You were twenty still learning how to breathe without losing rhythm, learning how to trust without questioning intentions. You were soft laughter and quiet courage. You were unfinished dreams and gentle hope. You were not meant for trenches and trauma, for the deafening noise of fear, for the unbearable sight of life slipping away right beside you.
But they put you there anyway.
They took the softness you guarded fiercely and replaced it with cold steel. They put a weapon in hands meant for holding flowers, for touching love letters, for writing poetry. They told you to fight when you barely knew how to heal. You remember those first days vividly learning to numb yourself to chaos, breathing in gunpowder and pain instead of air, watching friends become memories in seconds, faces you laughed with reduced to silence on blood-soaked screens.

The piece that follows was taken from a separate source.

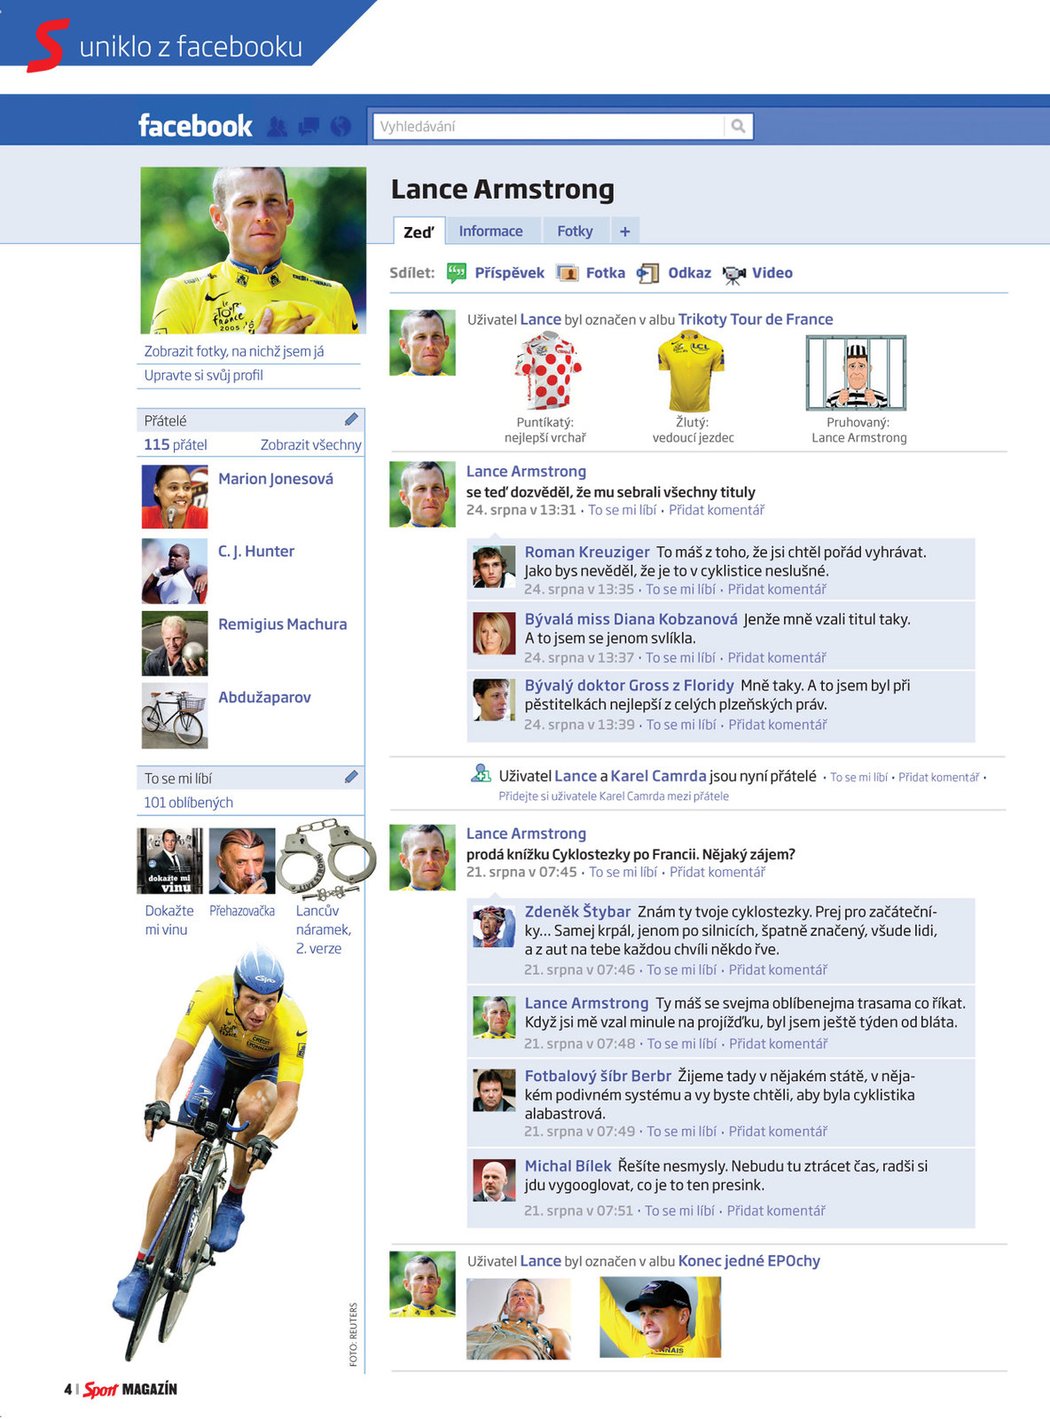 7.9.2012 | Lance Armstrong
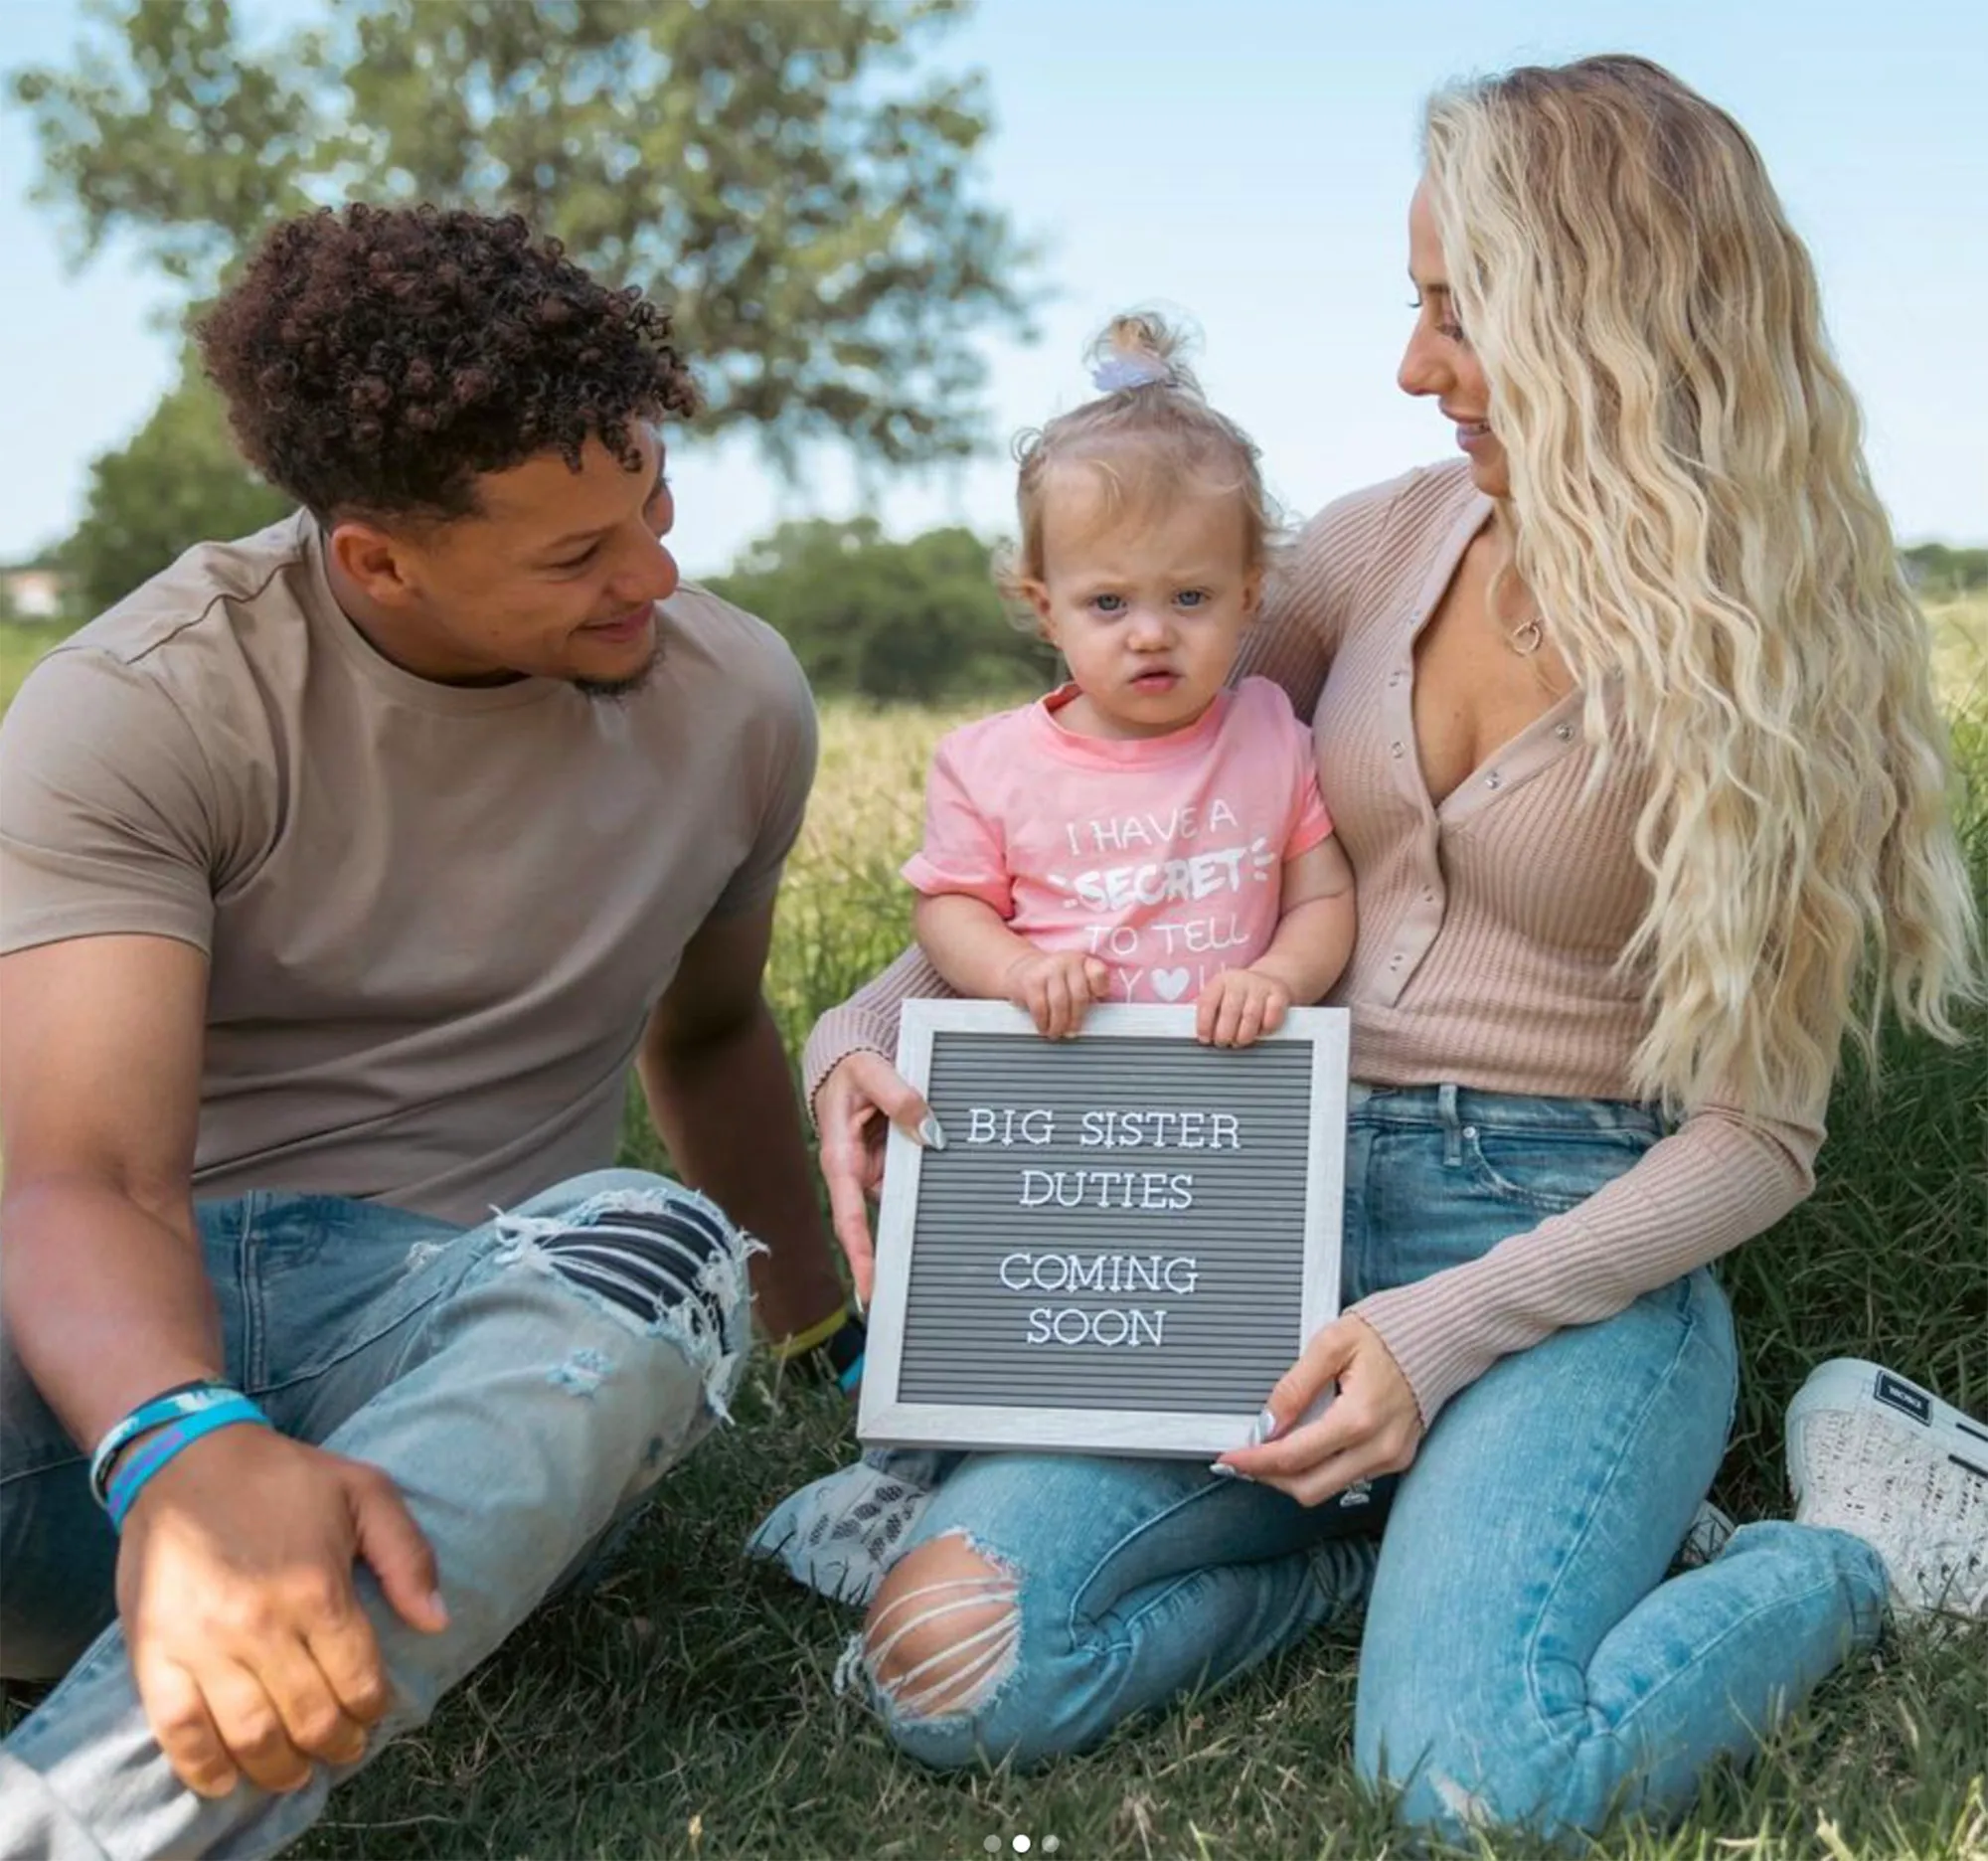 Patrick Mahomes and his wife, Brittany Mahomes, have officially confirmed their long-awaited news

You remember exactly how your heart broke that night you were hit. The moment you felt it pierce your body, that cold, ruthless bullet tearing your flesh, carving itself into a memory you could never erase. You remember vividly, the smell your own blood mingled with sweat and dirt, the metallic taste on your tongue. You saw them stitching you, pulling the bullet out while your mind hovered somewhere between waking nightmares and cruel consciousness, wishing desperately to slip away, yet holding stubbornly onto life because you promised yourself you’d return home someday.
Three days without sleep, three days without food every second an eternity of exhaustion, nausea, and dread. You closed your eyes, hoping to find escape, but all you saw were explosions and faces you couldn’t save. And then pain worse than physical: your best friend’s trembling voice, cracking through a phone line, each desperate word a dagger through your heart. Hearing them break, hearing their panic unravel you more than any bullet ever could. You wanted nothing more than to assure them everything was okay but you weren’t sure of anything anymore, especially not okay.
You never told them how much it hurt. How deeply guilt etched itself into your bones because someone cared enough to be afraid for you. You hated becoming someone’s worry, someone’s fragile prayer whispered into the night. You never asked to become the reason someone else cried.
You are haunted now by memories the eyes of those who fell, the screams of the wounded, the silent chaos afterward. You see ghosts in your mirror, traces of innocence lost forever. You carry scars hidden beneath clothes, beneath skin, beneath smiles. The war didn’t end the day you left it burrowed into your chest, settled into your lungs, nested in your silence.
Sometimes people thank you for your bravery. They call you strong. You nod politely, but you want to scream that strength wasn’t your choice it was survival, forced upon you violently. You didn’t want medals or admiration. You wanted your youth back, your peace back, your gentle heart unscarred and whole.
And today, when you hear laughter or music or silence, you still remember vividly the sound of explosions, the fear of loss, the desperate whisper of someone begging you to come home safely.
You were never meant to fight in someone else’s war. You were never meant to bleed on foreign soil or carry guilt heavier than the weapons they forced you to hold. But you did.
So hold yourself gently tonight.
Forgive yourself for surviving.
Forgive yourself for carrying wounds no one else sees.
Because you were never meant for war,
but you survived it anyway.
And perhaps, someday,
you’ll finally allow yourself to come home.